• Dataset content:

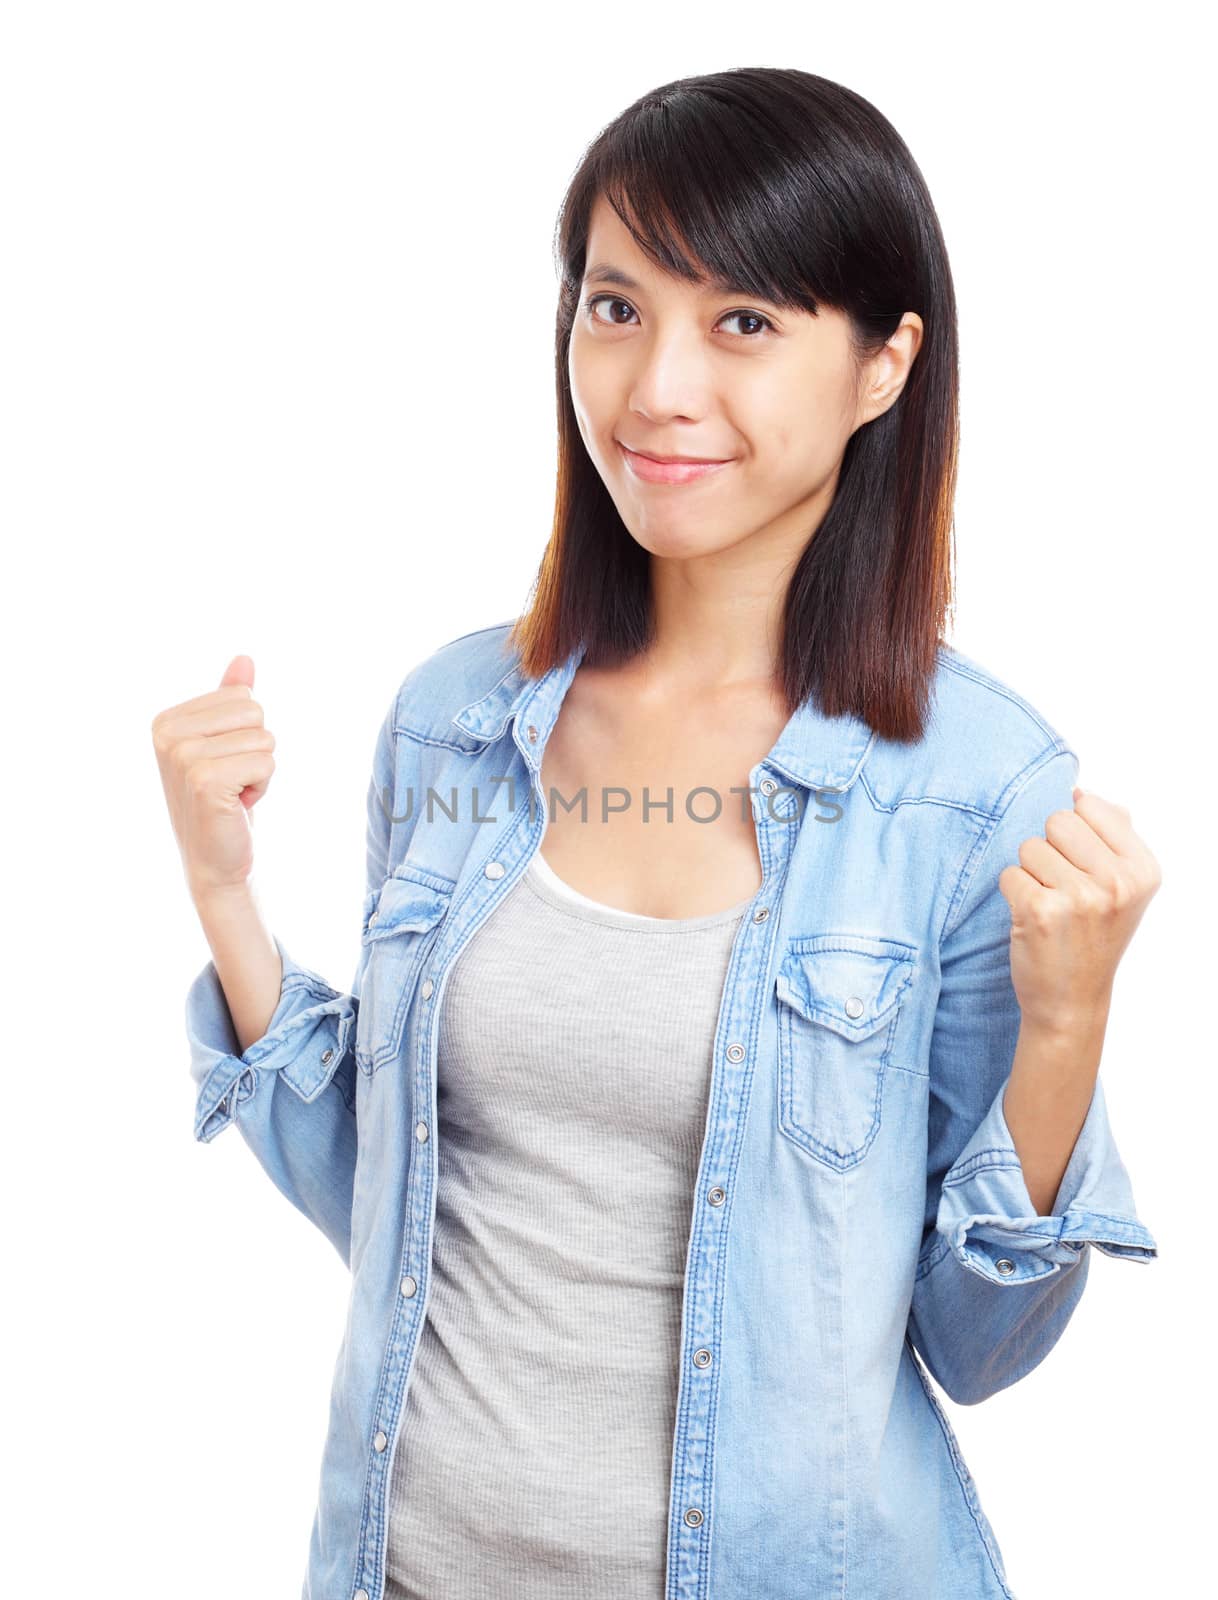 Cheerful asian woman by leungchopan
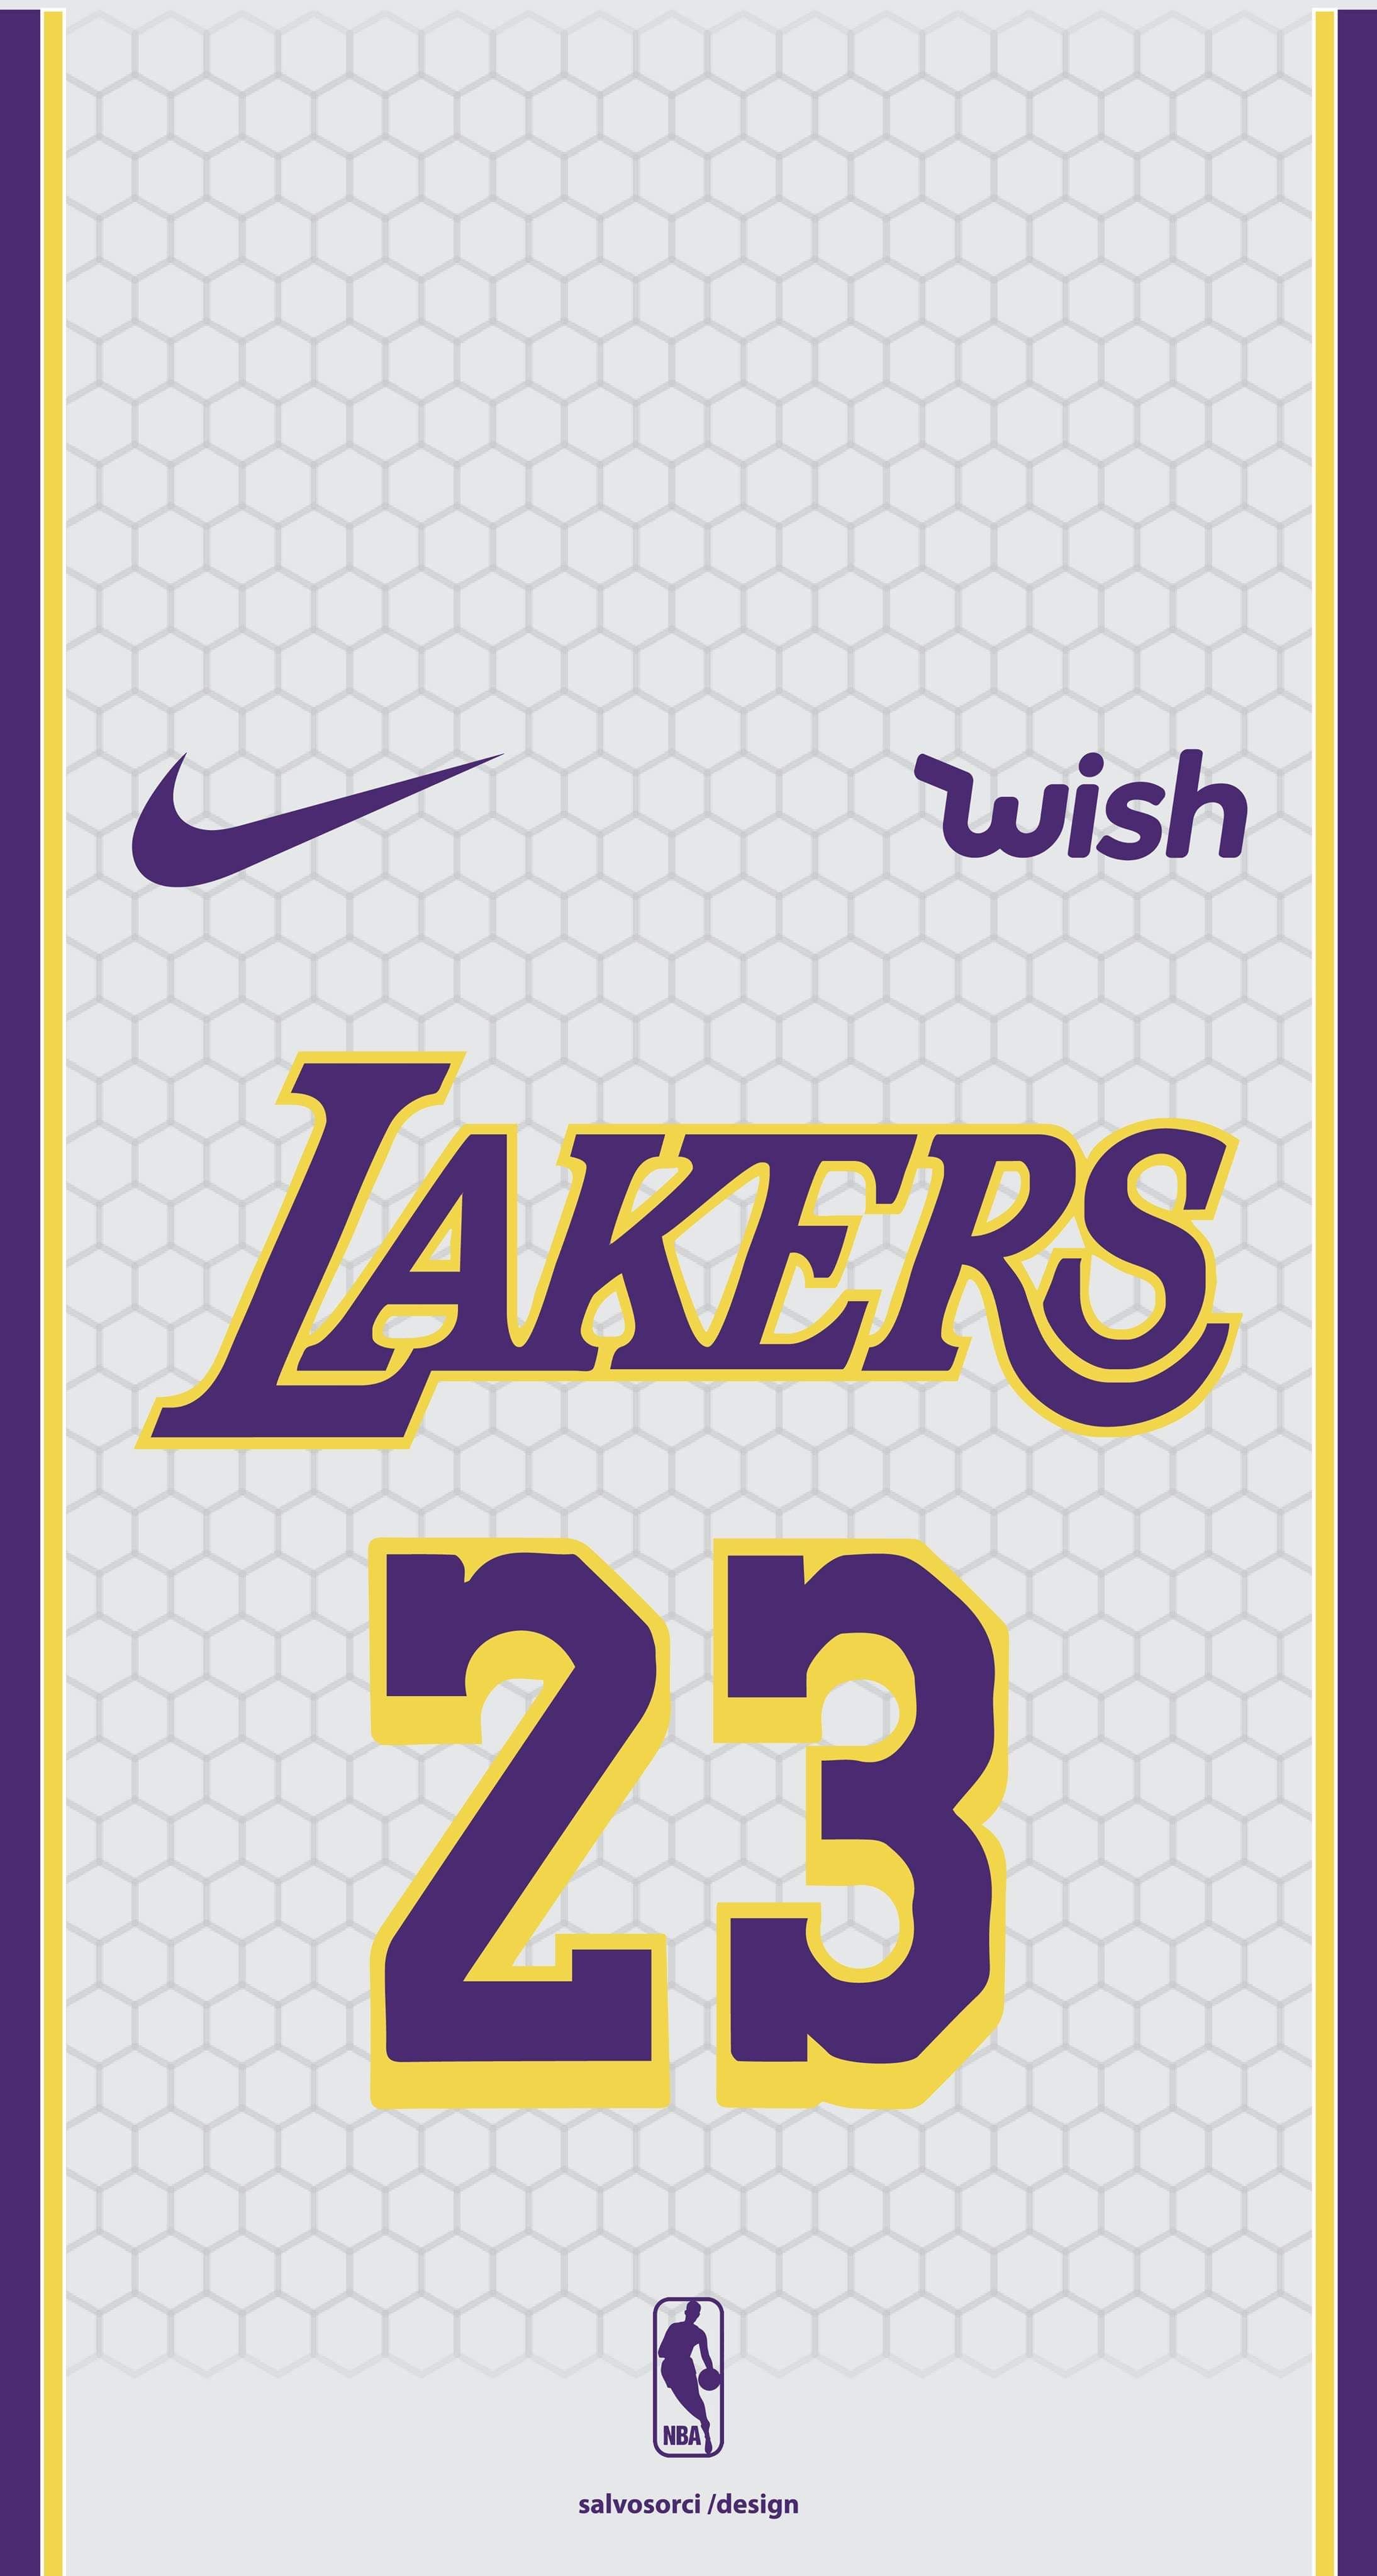 Lakers ideas. lakers, lakers wallpaper, lebron james lakers
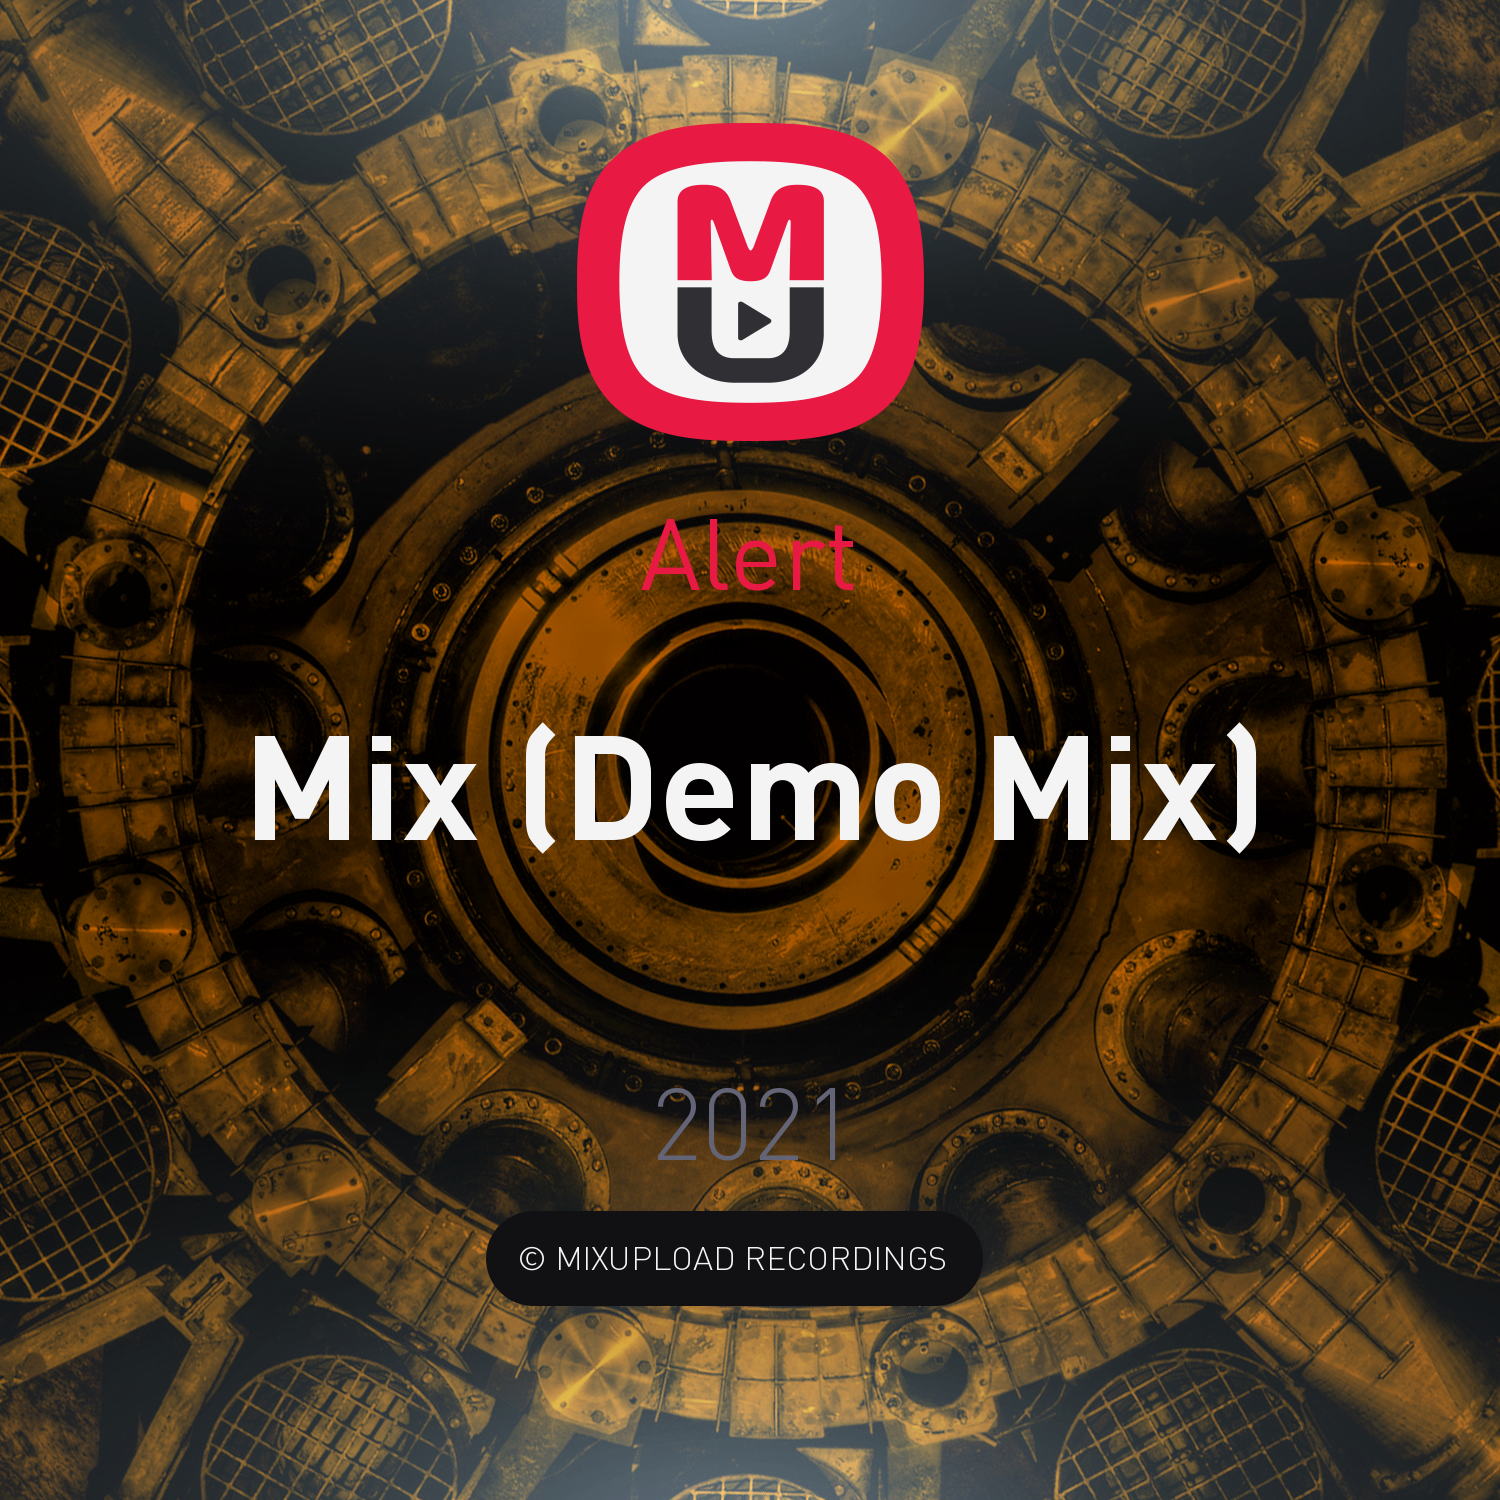 Demo mix
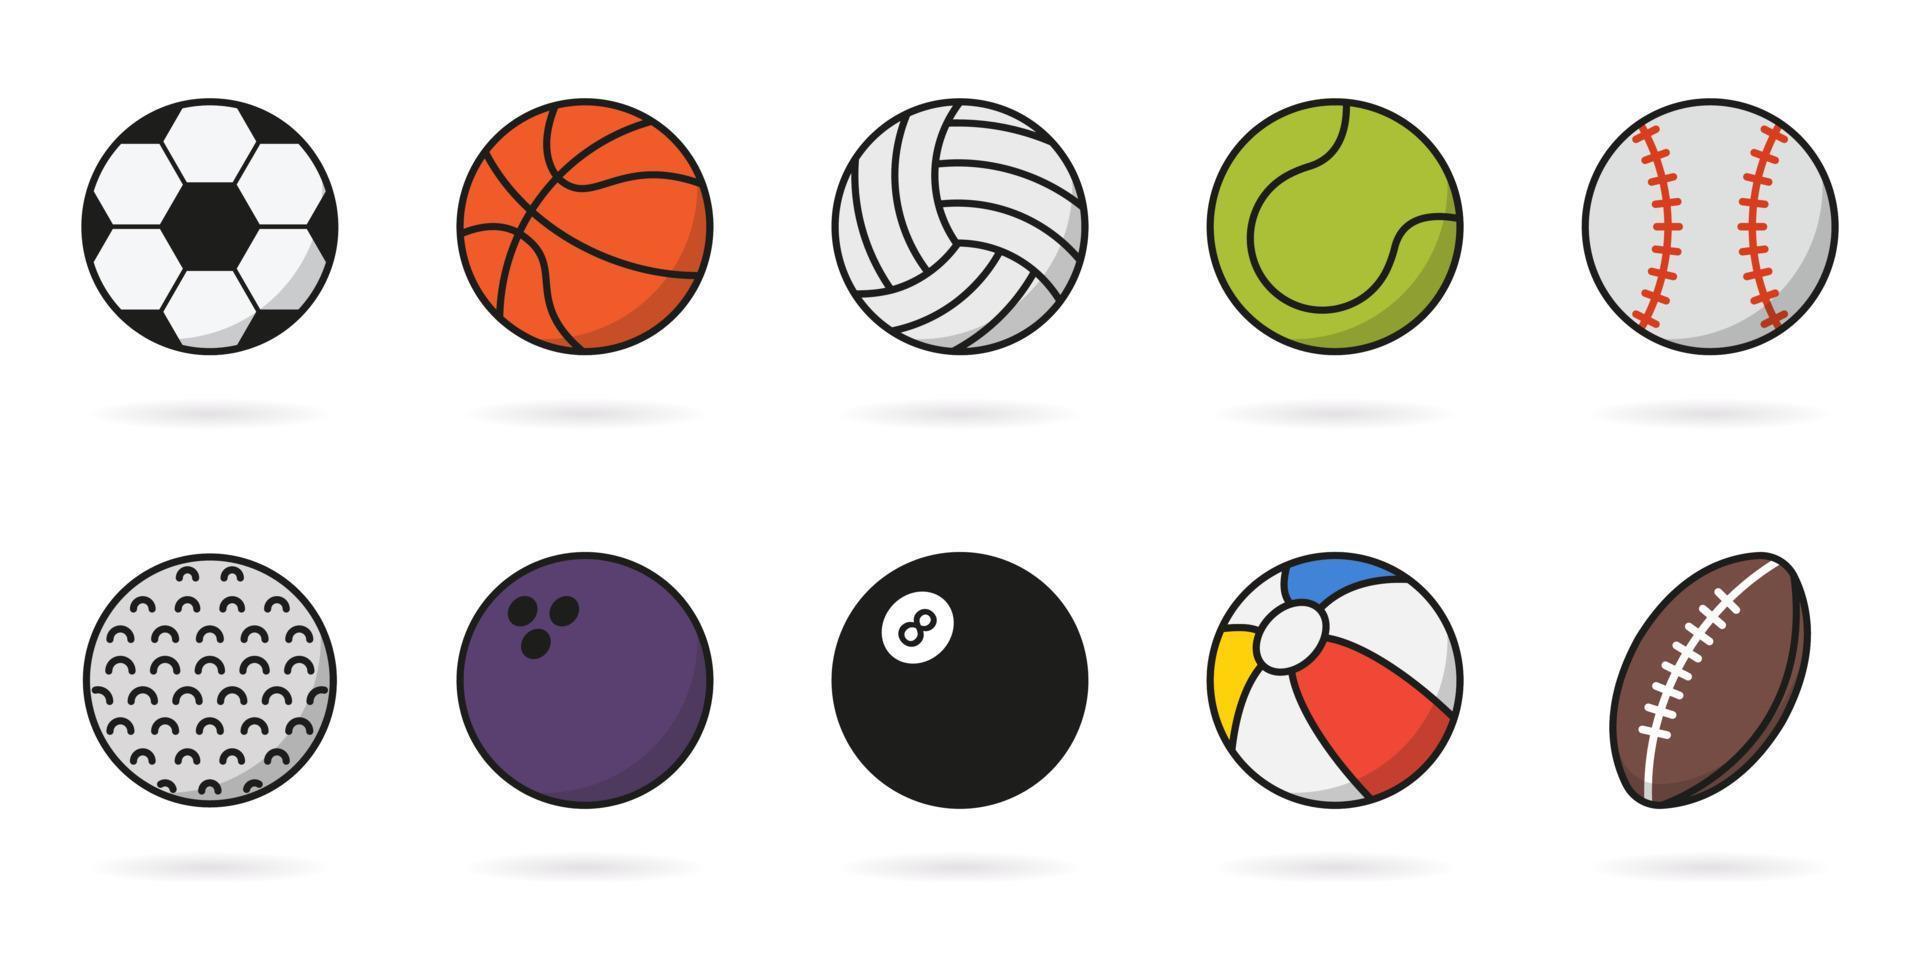 conjunto de iconos de bolas de juego deportivo. colección de pelotas para baloncesto, béisbol, tenis, rugby, fútbol, voleibol, golf, piscina, pictograma de bolos. pelota inflable, símbolo de softbol. ilustración vectorial vector

• Exercise instructions:
Your copy should hold exactly the lines from the line bearing "Lakers ideas. lakers, lakers" through the end of the data, both included, and no pictures or anything further.

• Task output:
 Lakers ideas. lakers, lakers wallpaper, lebron james lakers
 Demo mix
 conjunto de iconos de bolas de juego deportivo. colección de pelotas para baloncesto, béisbol, tenis, rugby, fútbol, voleibol, golf, piscina, pictograma de bolos. pelota inflable, símbolo de softbol. ilustración vectorial vector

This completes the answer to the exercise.